Selain itu, instansi ‐ instansi pemerintah, masyarakat, pendidikan dan lainnya juga harus diberi penyuluhan tentang ini. Dengan begitu, fasilitas di lembaga mereka tentu harus memenuhi standar, bahkan di atas standar. Misal fasilitas tempat cuci tangan yang memadai serta fasilitas MCK yang bersih dan layak
Selain digalakkan melalui penyuluhan, pemerintah juga sebenarnya telah menggalakkan PHBS melalui demonstrasi atau peragaan langsung. Misalnya demonstrasi cuci tangan yang benar, klinik sanitasi, dan lain sebagainya. Namun, upaya pemerintah mengadakan sosialisasi semacam itu terlihat belum menyeluruh ke seluruh wilayah Indonesia, terutama daerah‐daerah yang masuk ke dalam daerah dengan kualitas air dan sanitasi yang buruk. Ketidakterjangkauan itulah yang menyebabkan masyarakat tidak tahu bagaimana berperilaku hidup sehat. Oleh karena itu, pelaksanaan PHBS hendaknya dipetakan secara maksimal sehingga dapat menjangkau daerah‐ daerah yang membutuhkan.

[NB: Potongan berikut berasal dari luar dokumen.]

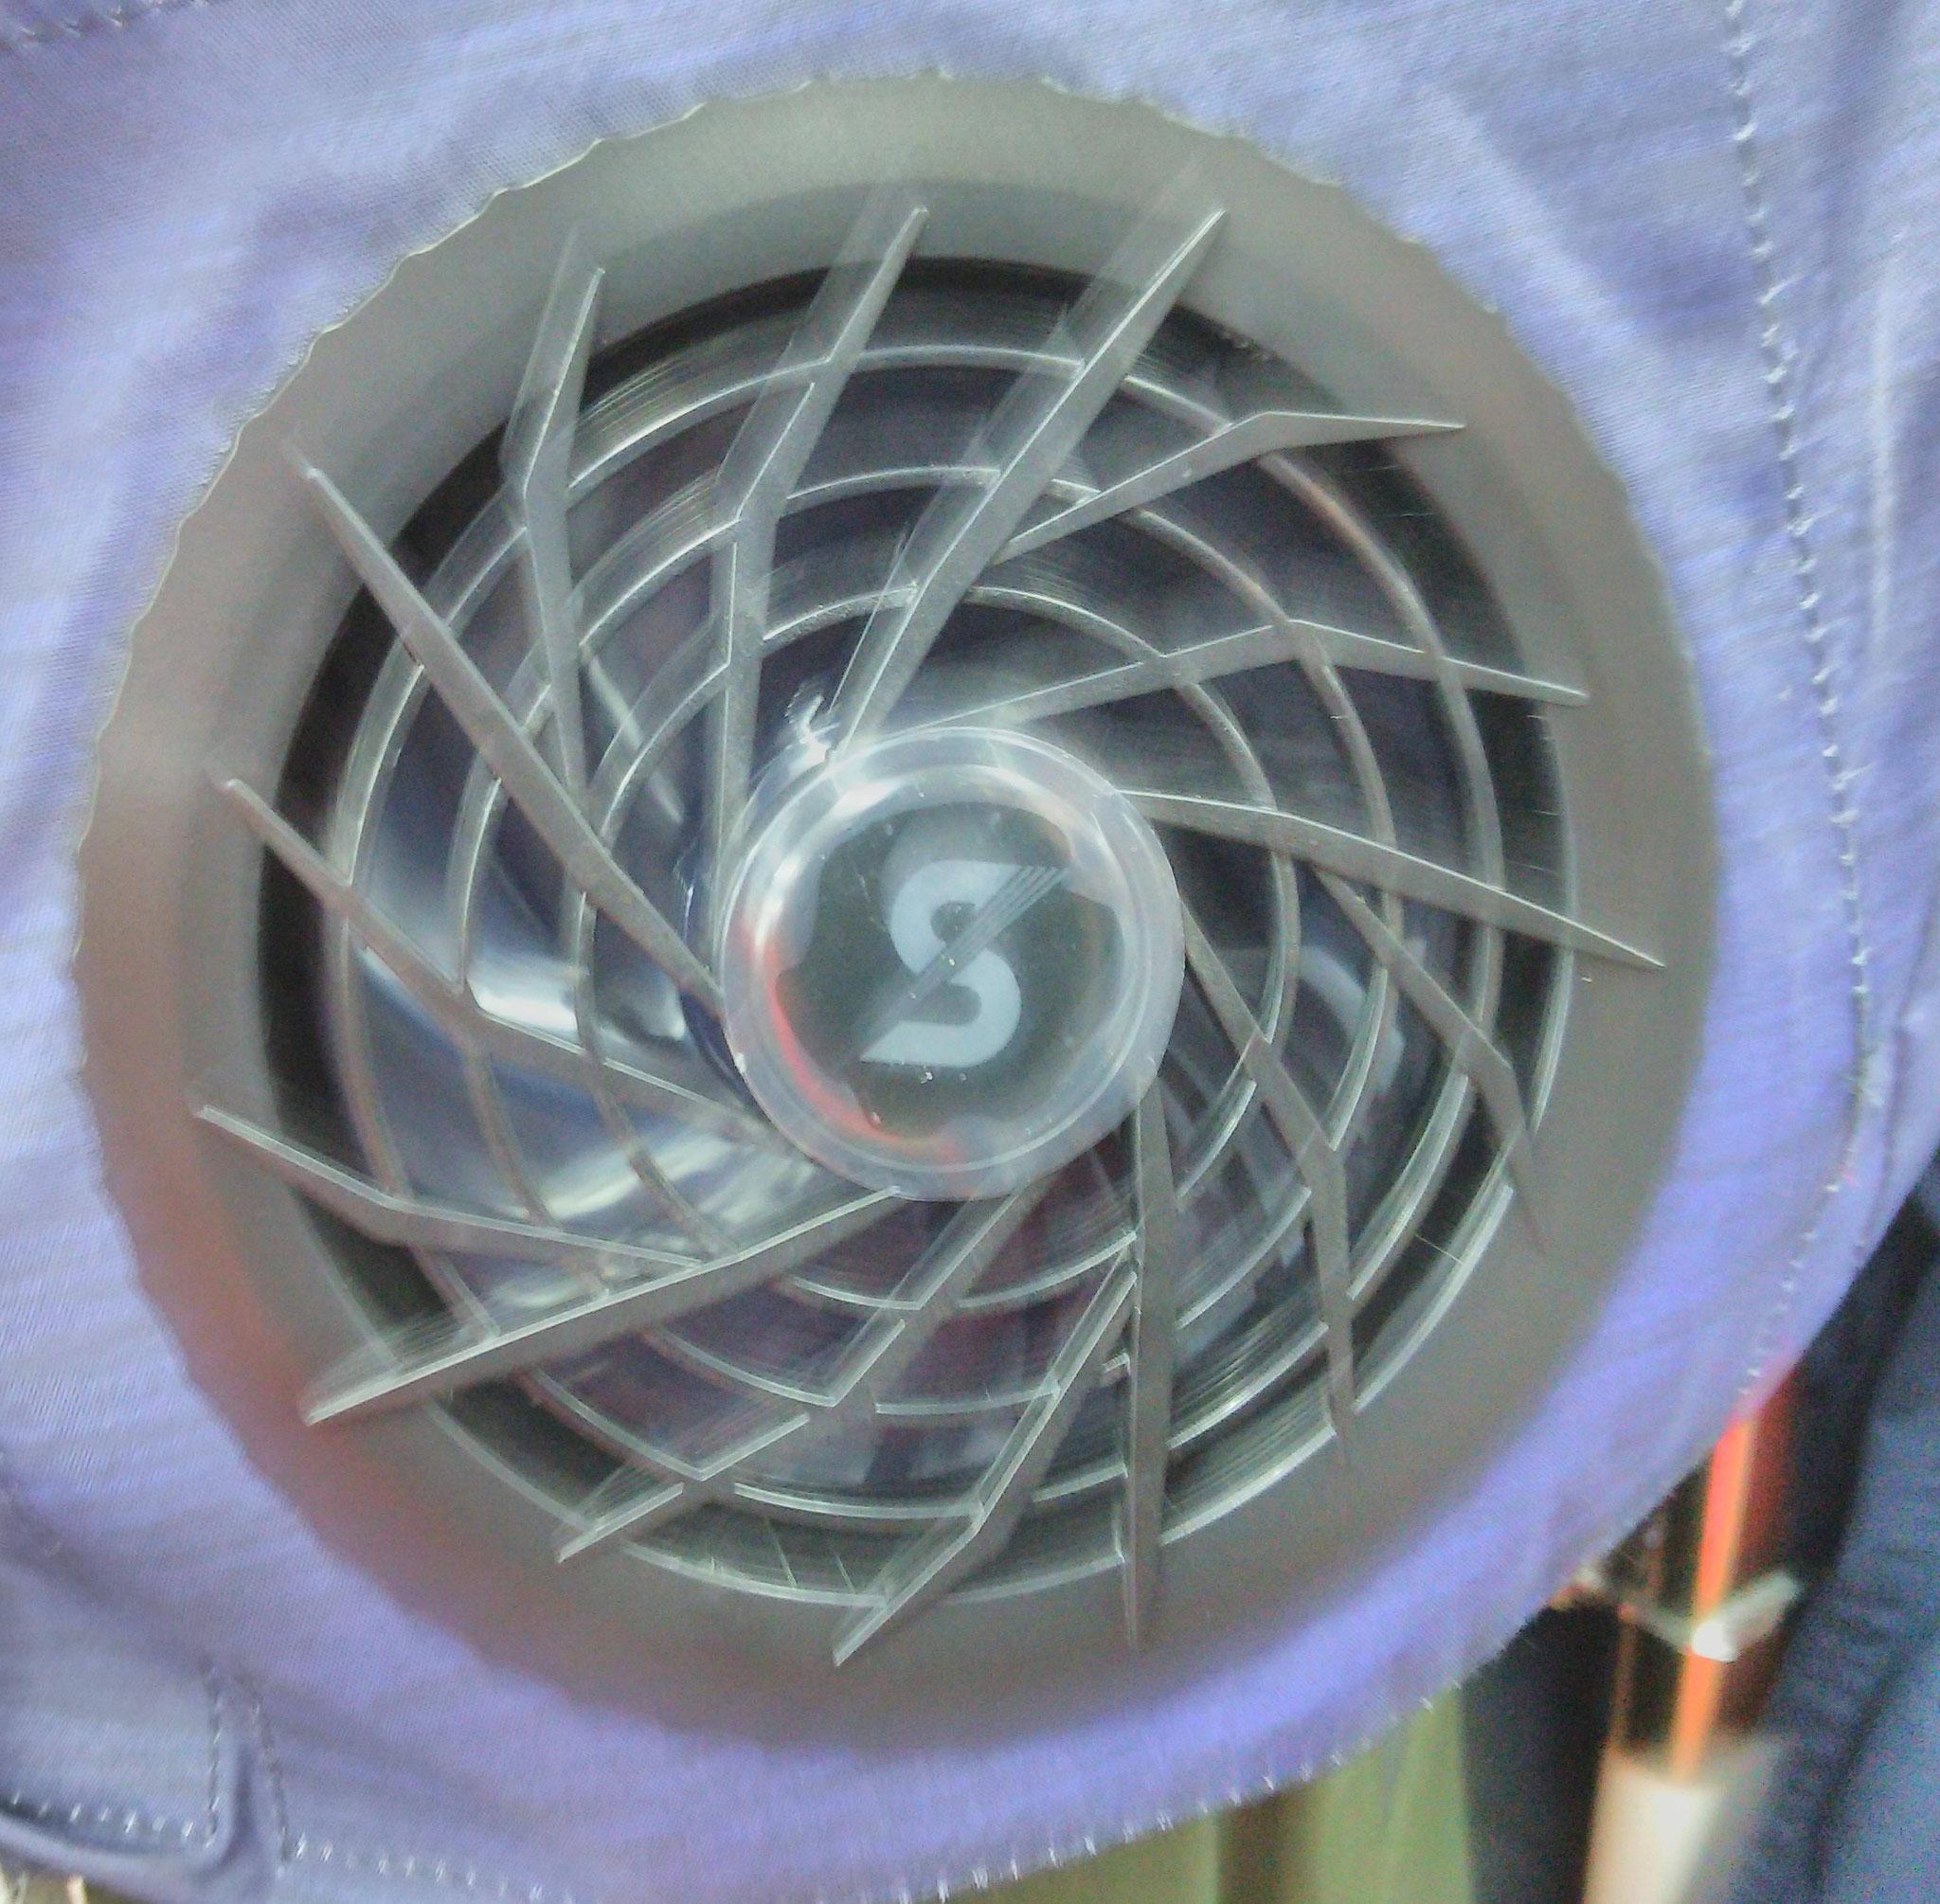 S-AIR<エスエアー>空調機器 出力 7.5V 連続8時間 ¥9900(税込)

Program lainnya yang telah dilaksanakan pemerintah adalah PPSP yaitu Program Percepatan Pembangunan Sanitasi Permukiman. Melalui program ini pembangunan sanitasi untuk permukiman yang membutuhkan diharapkan dapat dipercepat. Namun, minimnya anggaran yang dimiliki, menyebabkan program ini jauh dari kata maksimal. Sehingga, dibutuhkan anggaran yang lebih besar untuk mewujudkannya.
Langkah kedua yang harus dilaksanakan, setelah kesadaran masyarakat dapat ditumbuhkan, maka pemerintah menaikkan anggaran untuk meningkatkan fasilitas untuk mengakses air bersih serta sanitasi yang layak. Berdasarkan data yang telah saya tulis di atas, rata‐rata daerah di Indonesia masih mengalokasikan 1,5% dari APBD‐nya untuk pembangunan di bidang sanitasi. Hal itu tentu sangat kecil, dan seharusnya bisa ditambah untuk tahun‐tahun ke depannya.
Langkah yang ketiga, apabila di rasa APBD telah mencapai titik maksimum, sehingga tidak dapat dinaikkan lagi, pemerintah juga dapat menjalin kerja sama dengan lembaga‐lembaga internasional yang berkaitan dengan hal ini. Misalnya lembaga PBB, seperti WHO atau World Health Organization. Di tingkat nasional, langkah Danone untuk membantu ketersediaan air bersih di NTT patut diacungi jempol. Dan itu, tentu akan semakin dapat menjangkau daerah lainnya bila kerja sama itu dilakukan dengan lembaga‐lembaga Internasional lainnya.